8. Federal Register Notice/Outside Consultation
The 60-day Federal Register Notice was published on 10/22/2021 (86 FR 58664).
No comments were received.
The 30-day Federal Register Notice was published on 1/11/2022 (87 FR 1414).
Eligible hospitals submit applications for section 126 GME slots in order to potentially receive Medicare funded residency slots. No payments or gifts are provided to the hospitals for submitting applications.
We are not pledging privacy or confidentiality. The data collected is not required to be protected under the Privacy Act as there are no records containing personal identifying information on specific individuals submitted in this collection.
Sensitive Questions
There are no sensitive questions associated with this collection.
Burden Estimate (Hours) & (Wages)
PL 116-260 specifies the application process for section 126 GME applications. For this new collection request, the total burden is the estimated time and effort that would be required for eligible hospitals to gather appropriate documentation, prepare and submit an application. We estimate receiving 1,325 applications. This estimate is based on the that fact that there are 1,325 hospitals that currently receive GME payments and we estimate receiving one (1) application annually from each of the 1,325 hospitals for each round. Further, we estimate that it will take each hospital approximately 8 hours to complete and submit an application. The time estimate for preparation of this application is based upon the professional judgment of staff members at the Centers for Medicare and Medicaid Services. We have calculated the hours as follows:
1,325 applications x 8 hour each = 10,600 hours
The cost to applicant hospitals should be minimal due to CMS’s efforts to design the process so that hospital staff could understand and complete an application in a short period of time. When computed, assuming a 90% wage estimate at current salary of $39.55 per hour (based on data from the Bureau of Labor and Statistics website at https://www.bls.gov/oes/current/oes436012.htm for the position of Legal Secretaries and Administrative Assistants), plus 100 percent for fringe benefits (($39.55 per hour x 8 hour per hospital) * 2), the estimated cost of burden for this collection period is $632.80 per hospital.
The total estimated burden of $838,460 is broken out as follows. 1,325 applications annually x 8 hour each = 10,600 hours annually
$39.55.00/hr * 2 (fringe benefits) X 10,600 hours = $838,460.

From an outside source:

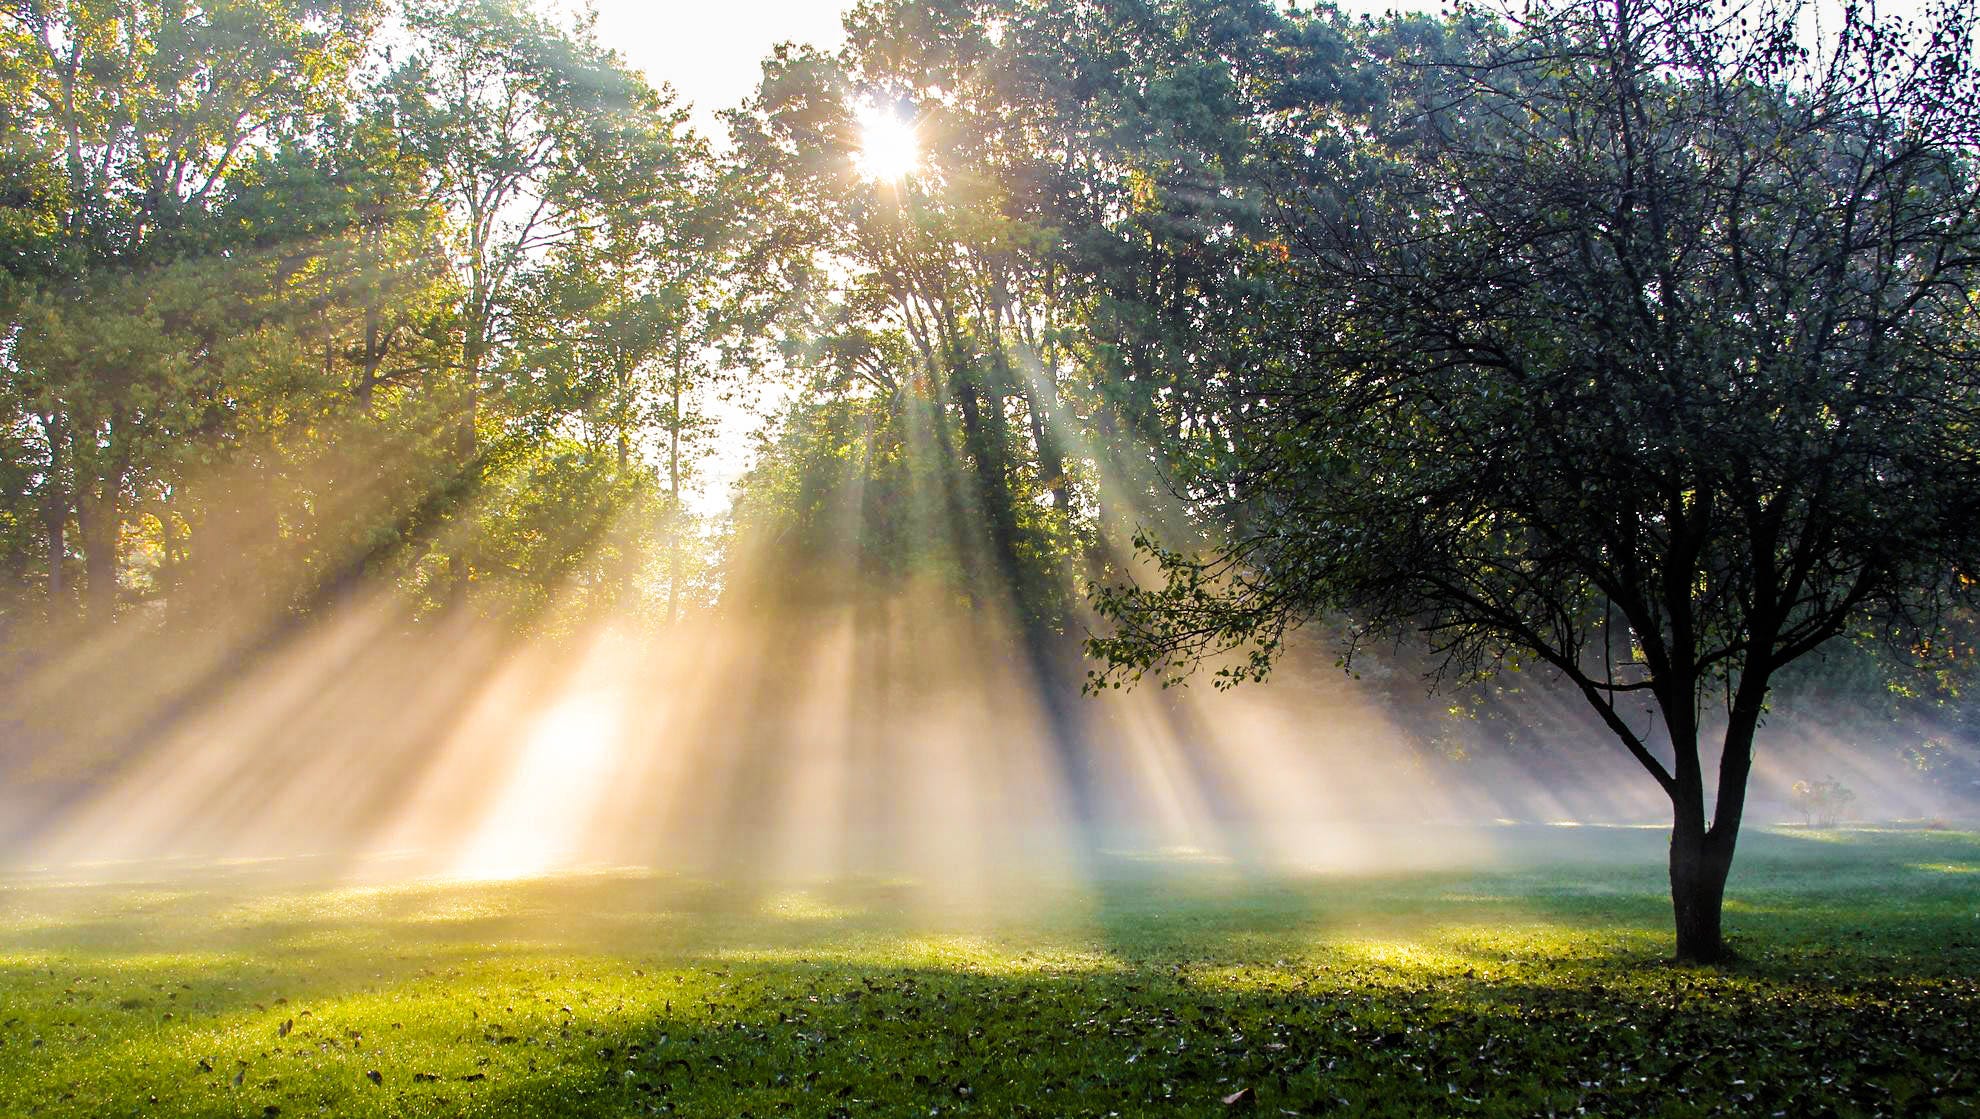 Derek Gauci, his wife Lauren and dog Bruce were preparing for a walk when they spotted these beautiful sunbeams coming through the trees in their yard.  "It proves you don't need to go way up north to find true Michigan beauty," he said.  Gauci is @falconfilmstudios on Instagram.

There are no capital costs. Other than the costs above, we do not expect hospitals to purchase any additional software or systems as this collection of information is available from a payroll system and software that the hospital has purchased for purposes other than this collection.
CMS will receive the section 126 GME applications electronically. We estimate receiving 1,325 applications per round because there are approximately 1,325 approved Medicare teaching hospitals. We also estimate that it will take 8 hours for CMS staff to process each application. This time estimate is based on the professional judgment of staff members at the Centers for Medicare and Medicaid Services.
Using the 2021 Federal Pay Scale, we estimated staff at the GS 11, 12 and 13 levels (step 5) to process the applications.
( https://www.opm.gov/policy-data-oversight/pay-leave/salaries-wages/2021/generalschedule/)
The estimated cost to the Federal Government is $1,011,664 and is based on the following assumptions:
1,325 applications annually x 8 hour each= 10,600 hours annually
$47.72/hr (average salary GS 11, 12, 13) * 2 (fringe benefits) X 10,600 hours = $1,011,664.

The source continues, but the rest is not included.